Note: that for Incorta Cloud, you do not have the access the backend server, in order to get the tenant path, we can call the Spark property to get the path:

spark.conf.get("ml.incorta.tenant_path")

Different ML libraries may provide different ways of saving the models. Use the corresponding native ML library API to save the models. This article shows the ML Model Save functional from Spark ML.

You should create two MVs. One is Training for training your model, and the other one is Testing for testing the efficacy of your model. Save the model and use training data for evaluating the model in Training MV.
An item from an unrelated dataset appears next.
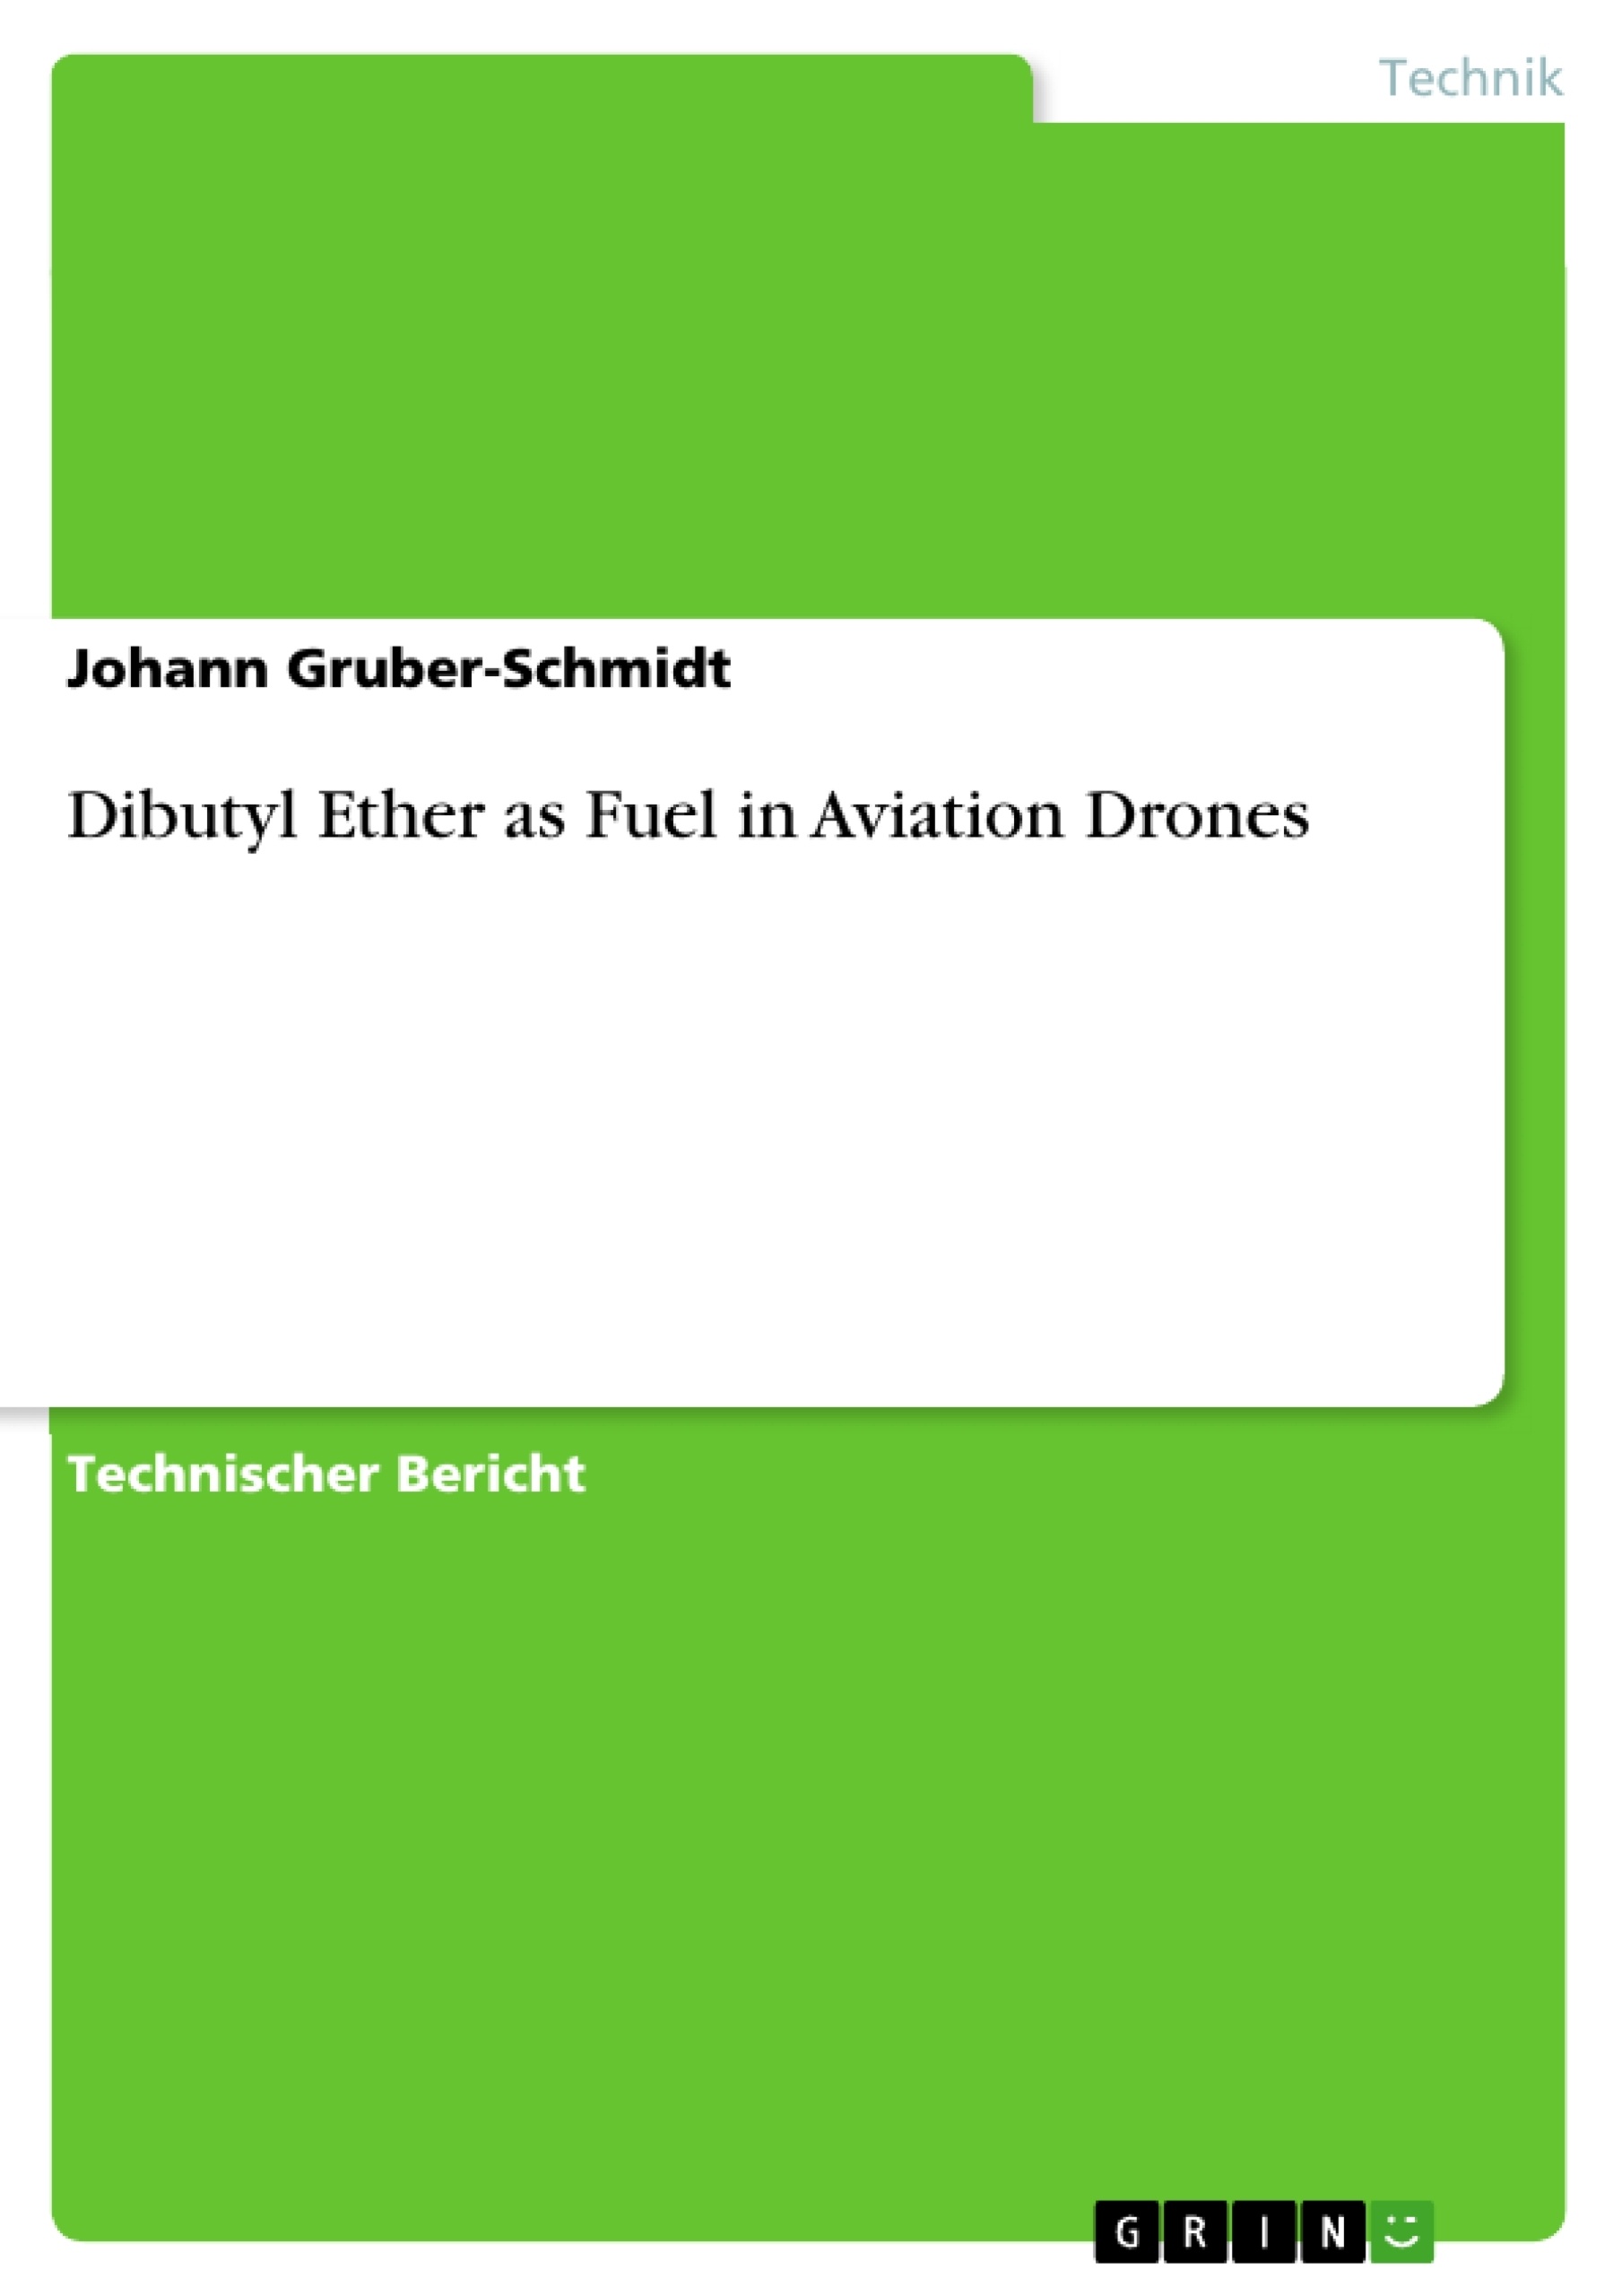 Title: Dibutyl Ether as Fuel in Aviation Drones

lr_model.write().overwrite().save("/incorta/IncortaAnalytics/Tenants/demo/data/models/Ecommerce_Customer_001")

Load Model

You should load the saved model, use testing data for evaluating the model, and run the prediction in Testing MV. You need to consider Incremental in such a case.

lr_model = LinearRegressionModel.load("/incorta/IncortaAnalytics/Tenants/demo/data/models/Ecommerce_Customer_001")

Appendix

Model Training MV

df = read("EcommerceCustomer.Ecommerce_Customer")

# Takes a spark dataframe and pretty prints it
# Parameters:
# df: A spark dataframe
incorta.show(df)


# Takes a spark dataframe and pretty prints its count, mean, standard deviation, min, and max
# Parameters:
# df: A spark dataframe
incorta.describe(df)


x=df.columns
print(','.join(map(str, x)))


# VectorAssemblerTest

from pyspark.ml.linalg import Vectors
from pyspark.ml.feature import VectorAssembler

assembler = VectorAssembler(inputCols=['Avg__Session_Length', 'Time_on_App', 'Time_on_Website', 'Length_of_Membership'], outputCol='features')


#Split data into Training and Testing data sets

output = assembler.transform(df)
final_data = output.select('features', 'Yearly_Amount_Spent')
train_data,test_data = final_data.randomSplit([0.7,0.3])


# Train data

lr = LinearRegression(labelCol='Yearly_Amount_Spent')
lr_model = lr.fit(train_data)

print("Coefficients: " + str(lr_model.coefficients))
print("Intercept: " + str(lr_model.intercept))

#Save model

lr_model.write().overwrite().save("/incorta/IncortaAnalytics/Tenants/demo/data/models/Ecommerce_Customer_001")
trainingSummary = lr_model.summary

print("numIterations: %d" % trainingSummary.totalIterations)
print("objectiveHistory: %s" % str(trainingSummary.objectiveHistory))

trainingSummary.residuals.show()
print("RMSE: %f" % trainingSummary.rootMeanSquaredError)
print("r2: %f" % trainingSummary.r2)


# Test model

test_results = lr_model.evaluate(test_data)
test_results.residuals.show()
test_results.predictions.show()

# Root mean sqaured error

print("RMSE = %s" % test_results.rootMeanSquaredError)
print("R2 = %s" % test_results.r2)


#Prediction

unlabeled_data = test_data.select('features')
predictions = lr_model.transform(unlabeled_data)
predictions.show()

save(predictions)

Model Testing MV

#Prediction

df_testing=read("EcommerceCustomer.Training")
unlabeled_data = df_testing.select('features')
unlabeled_data.show()

from pyspark.ml.regression import LinearRegressionModel
lr_model = LinearRegressionModel.load("/incorta/IncortaAnalytics/Tenants/demo/data/models/Ecommerce_Customer_001")
predictions = lr_model.transform(unlabeled_data)
predictions.show()

save(predictions)